The FDA’s approval of dupilumab, already approved for severe eczema, for asthma makes it the second biologic for the incurable lung disease. Dupilumab, branded as Dupixent by Regeneron and Sanofi, was cleared as an add-on maintenance treatment for moderate to severe asthma in patients 12 years of age and older.
Dupilumab is more expensive
than omalizumab, but it works on additional pathways than omalizumab and can also be administered at home, while omalizumab must be given in a doctor’s office.
In its press release
, the companies said the wholesale acquisition cost (WAC) will remain unchanged for the new indication.
Dupilumab has a WAC of $37,000 a year, up from $30,000 when it first launched for eczema. The companies raised the price effective June 29.
On GoodRx, a prescription pricing website for consumers, the average retail price for dupixent was $3274.11 for two 150 mg/ml syringes. For omalizumab, the price was $1317.40 for one 150 mg vial.
Dupilumab is the first drug to target the interleukin-4 (IL-4) IL-4 and IL-13 pathways in type 2, or eosinophilic asthma. Last year, the FDA approved dupilumab for the treatment of adults with moderate-to-severe atopic dermatitis whose condition is not properly controlled with topical therapies.
Eosinophilic asthma is a severe form of the condition that doesn’t respond well to inhaled corticosteroids, even at high doses. White blood cells called eosinophils become overactive, causing inflammation that blocks the airway with fluid and mucous. This can cause bronchial spasms. Unlike forms of asthma that are triggered by allergies or an environmental reaction, patients with this condition do not typically have a history of allergies.
Asthma affects approximately 40 million individuals, including 10 million children in the United States.
In a research note from Raymond James, analyst Laura Chico, PhD, said that “uptake in the atopic dermatitis market remains solid,” and that the drug’s asthma label—which includes patients who either have the eosinophilic type of asthma or who are dependent on oral corticosteroids—is unique. By 2026, 30% of the drug’s estimated $8.4 billion in revenue is expected to come from its asthma indication.
In an email to The American Journal of Managed Care® (AJMC®)
, executives from both companies (Michael Jones, vice president, Immunology Commercial Business Unit, Regeneron, and Namish Patel, vice president, Global Program Head Dupilumab, Sanofi) discussed their expectations for dupilumab.

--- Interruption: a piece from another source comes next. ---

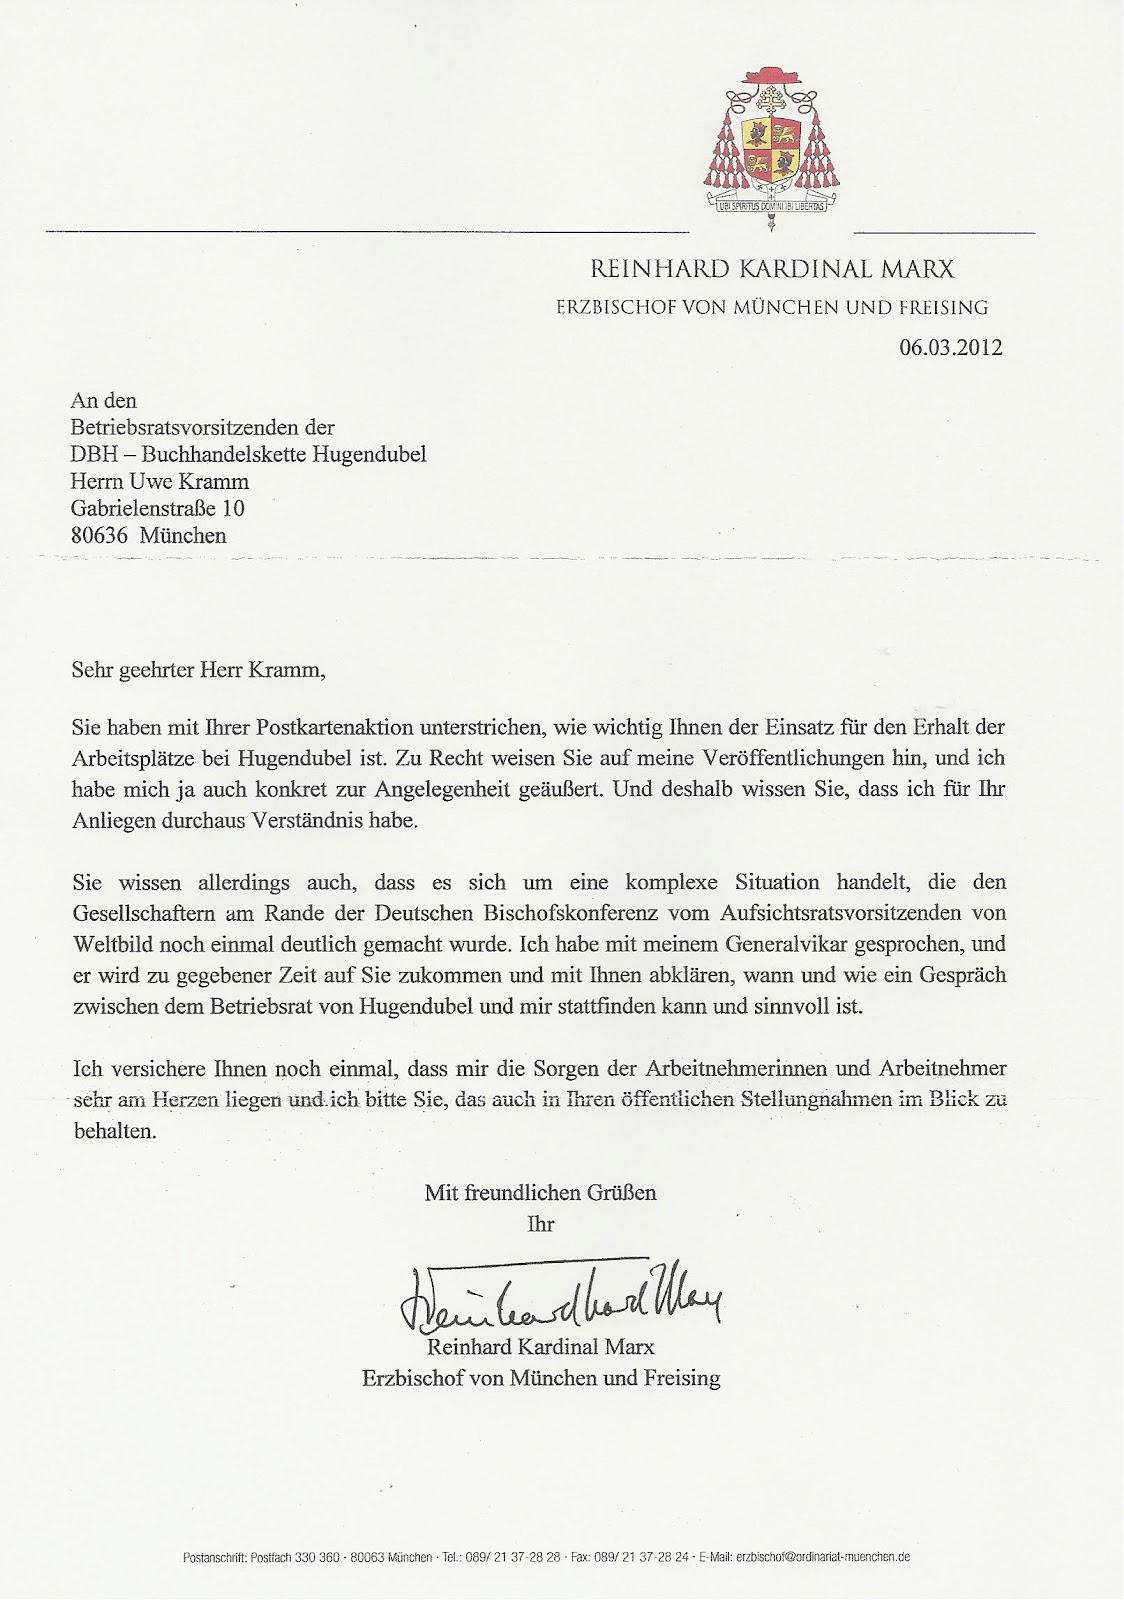 Hugendubel Verdi Infoblog: März 2012

AJMC®: What are your expectations for payer pickup for this?
Discussions with payers/insurers have been positive to date and will continue on an ongoing basis, and we are working towards coverage beginning with payers within 30 days. We have a shared goal with patients, physicians, and payers/insurers to reduce the burden of moderate-to-severe asthma and will continue working with payers/insurers to ensure appropriate patients gain access to Dupixent as quickly as possible.
AJMC®: What is the cost as compared to omalizumab?
We cannot comment on the price of Dupixent compared to other asthma biologics. That being said, we are committed to bringing innovative treatment options to patients where an unmet need exists. We believe patients need access to innovative medicines, and we balance this with the value they bring to healthcare systems.
AJMC®: Does it carry a black box warning or have a risk of anaphylaxis like omalizumab?
There is no black box warning but in asthma patients, Dupixent can cause serious side effects including allergic reactions (including a severe reaction known as anaphylaxis) and rarely, inflammation of blood vessels. In the asthma clinical trials, the adverse reactions that occurred with Dupixent at a rate of at least 1% and more frequently than the respective comparator were injection site reactions, pain in the throat, and cold sores in your mouth or on your lips.
AJMC®: What other indications is dupilumab being studied for?
Sanofi and Regeneron are also studying dupilumab in a broad range of clinical development programs for diseases driven in part by type 2 inflammation, including chronic rhinosinusitis
with nasal polyps (phase 3), pediatric asthma (phase 3), pediatric atopic dermatitis (phase 3), adolescent atopic dermatitis (phase 3), eosinophilic esophagitis (phase 3), grass allergy (phase 2) and peanut allergy (phase 2), and a future trial is planned for chronic obstructive pulmonary disease. Dupilumab is also being studied in combination with REGN-3500, which targets IL-33. These potential uses are investigational and the safety and efficacy have not been evaluated by any regulatory authority.